Here's the result of substituting R3=0 in our general formula:
> T1 := subs(R3=0,R);
R1 R4 R5 + R1 R4 R2 + R2 R4 R5 + R2 R1 R5
T1 := -----------------------------------------
R1 R4 + R1 R5 + R2 R4 + R2 R5
Here's the known formula for the simple series-parallel circuit:
> T2 := 1/(1/R1+1/R2)+1/(1/R4+1/R5);
1 1
T2 := ----------- + -----------
1 1 1 1
---- + ---- ---- + ----
R1 R2 R4 R5
It is difficult to see if they are the same. let's ask Maple to check for us:
> simplify(T1-T2);
0
Sure enough!
As another sanity check we can take R1=R2=R3=R4=R5. By symmetry we obviously have i3=0. Thus we see quickly R=R1. This is also the result given by our general formula.

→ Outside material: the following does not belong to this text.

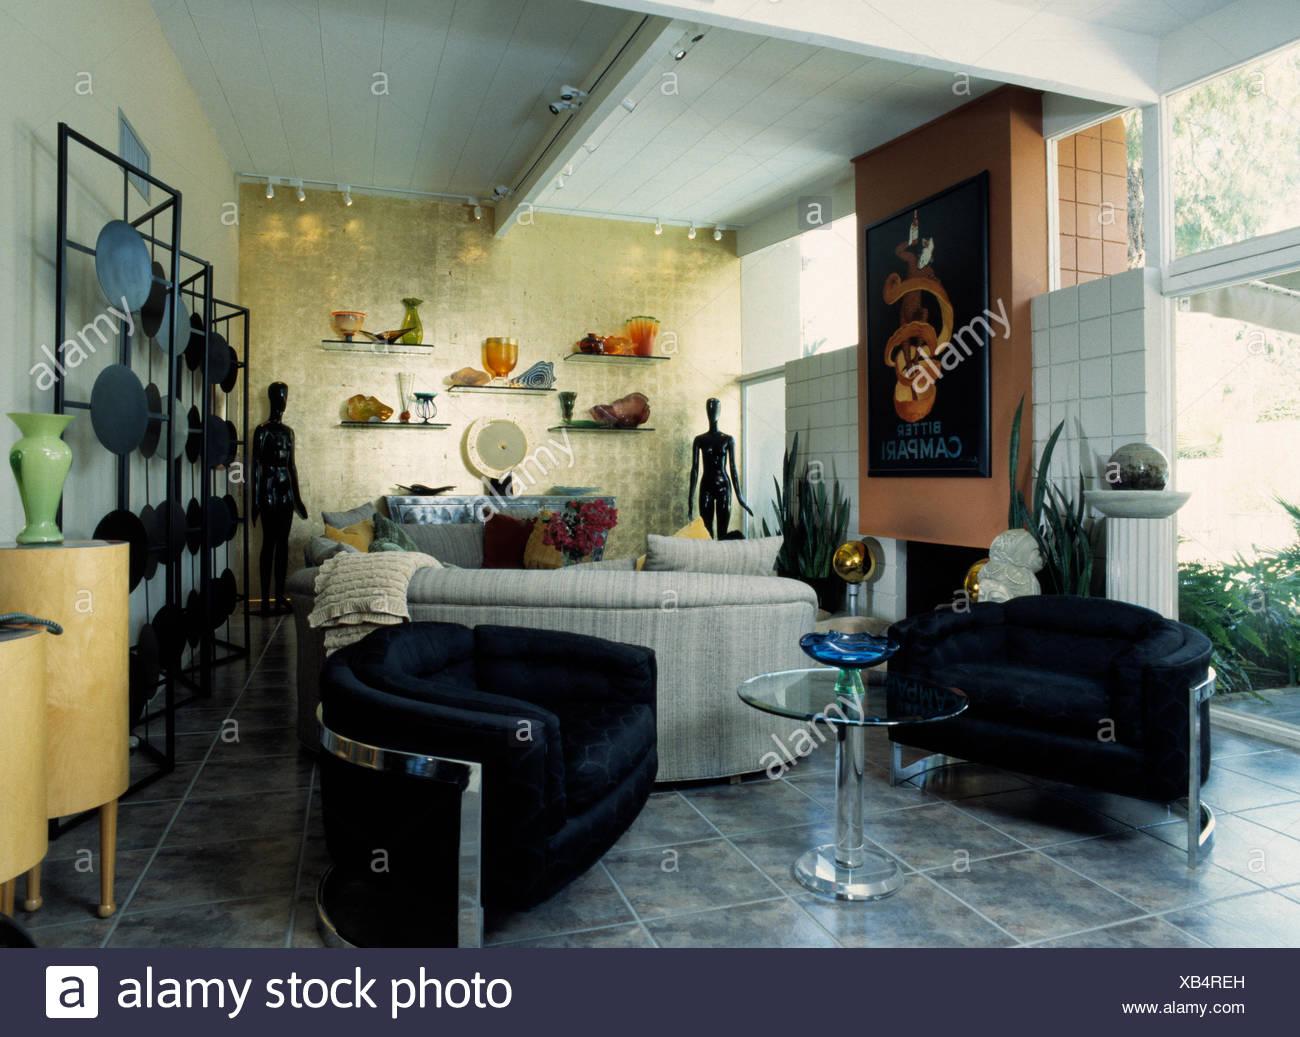 Poltrone nere e piedistallo di vetro tavolo in soggiorno moderno con ...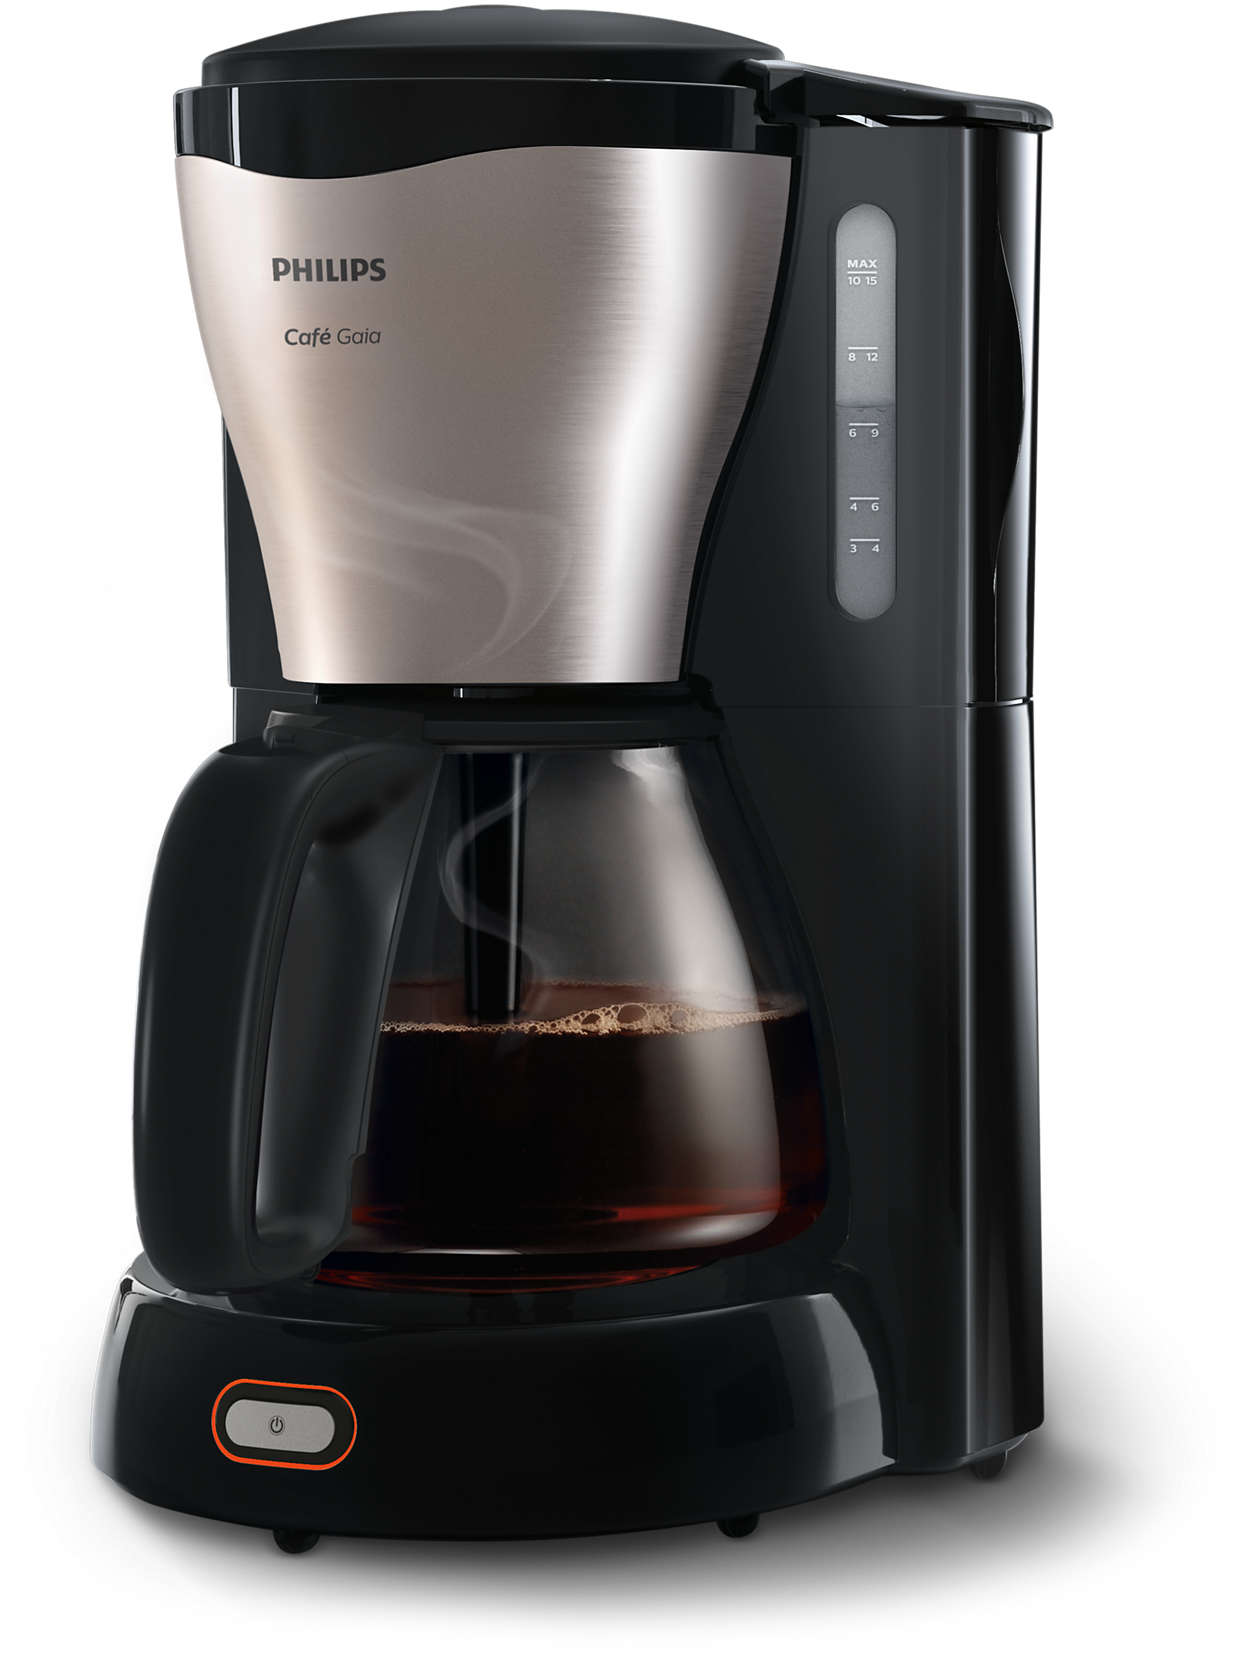 Lahodná horká káva vnašem ikonickém provedení

This page was prepared from a Maple worksheet created in Maple V4.
Problem: A classic problem is to find the effective resistance of a network of 12 resistors arranged along the edges of a cube. Typically we want the resistance between two diametrically opposite vertices of the cube. The classical problem (for human consideration) has all the resistances equal, but Maple doesn't care. See if you can work it out (using Maple of course).